====== GIVEN DATA ======

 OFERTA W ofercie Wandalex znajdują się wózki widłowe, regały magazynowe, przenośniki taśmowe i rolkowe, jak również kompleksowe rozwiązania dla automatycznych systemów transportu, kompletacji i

======
====== GIVEN DATA ======

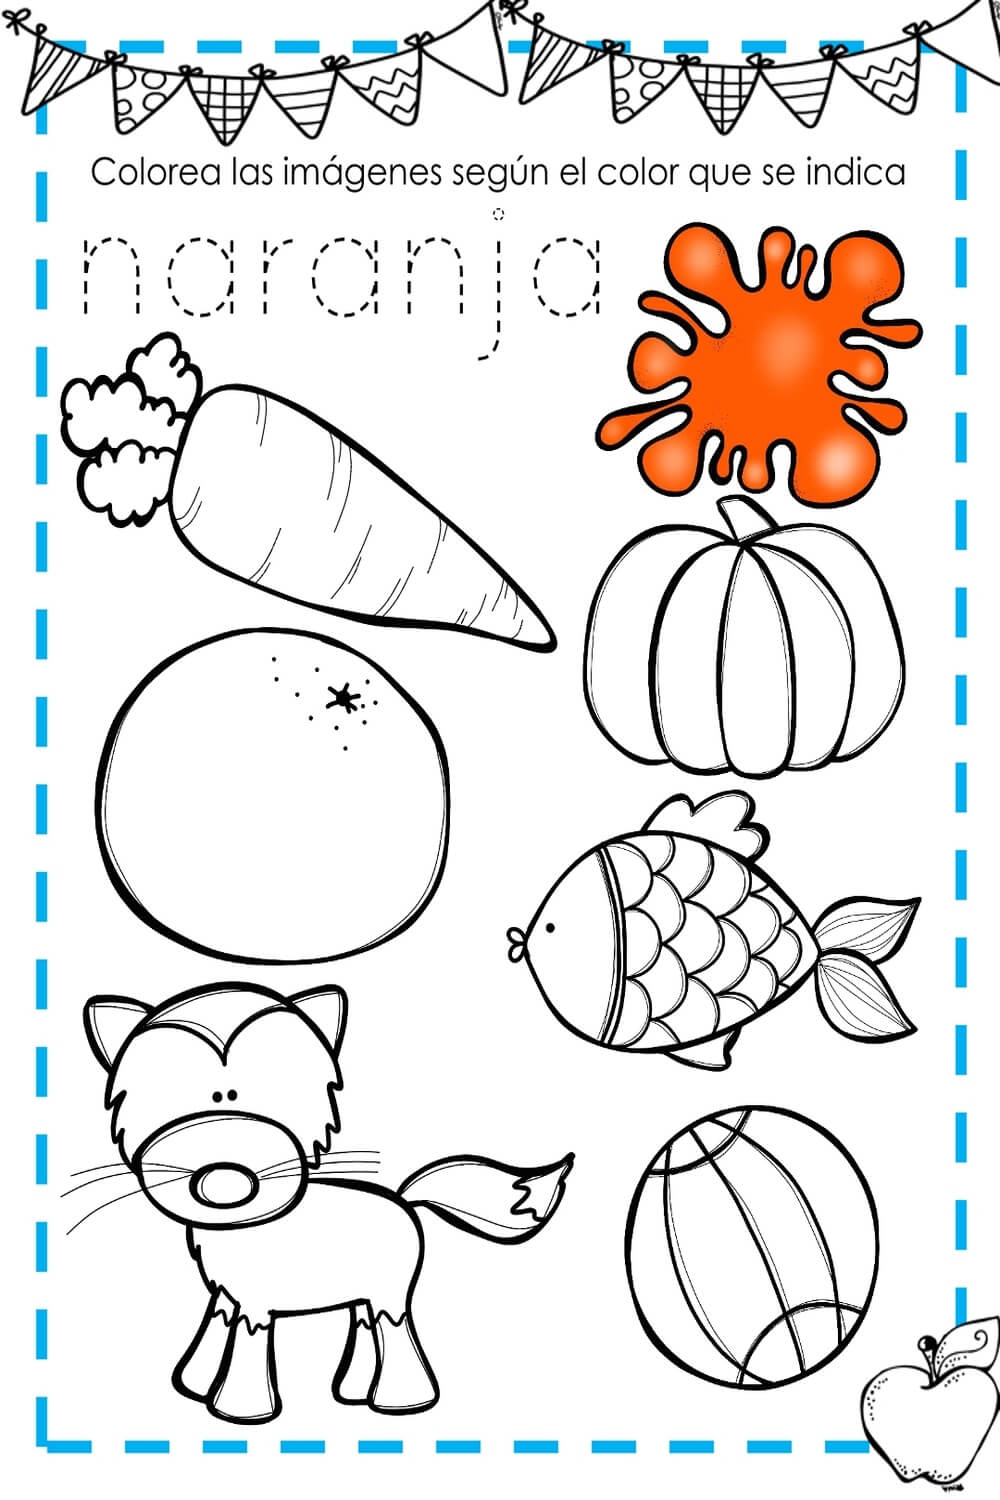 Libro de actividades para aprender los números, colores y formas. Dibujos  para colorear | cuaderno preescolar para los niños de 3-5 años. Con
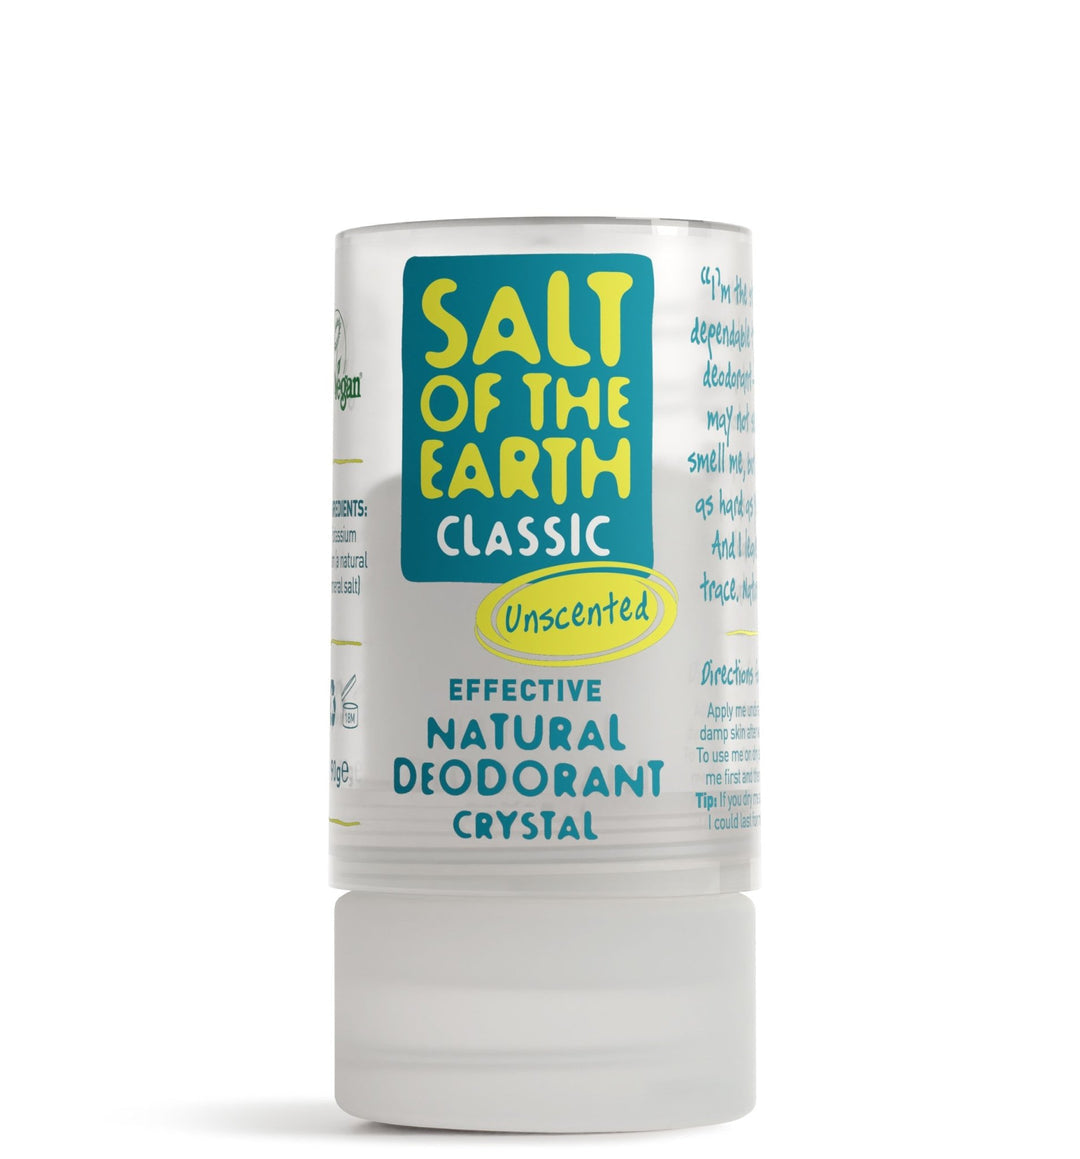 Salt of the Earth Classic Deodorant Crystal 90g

======

__EXERCISE REQUIREMENTS__:
Quote word for word only the lines above from the one containing "Libro de actividades" through the one containing "Salt of the". Pictures stay out of your copy.

__EXERCISE SOLUTION__:
 Libro de actividades para aprender los números, colores y formas. Dibujos  para colorear | cuaderno preescolar para los niños de 3-5 años. Con
 Salt of the Earth Classic Deodorant Crystal 90g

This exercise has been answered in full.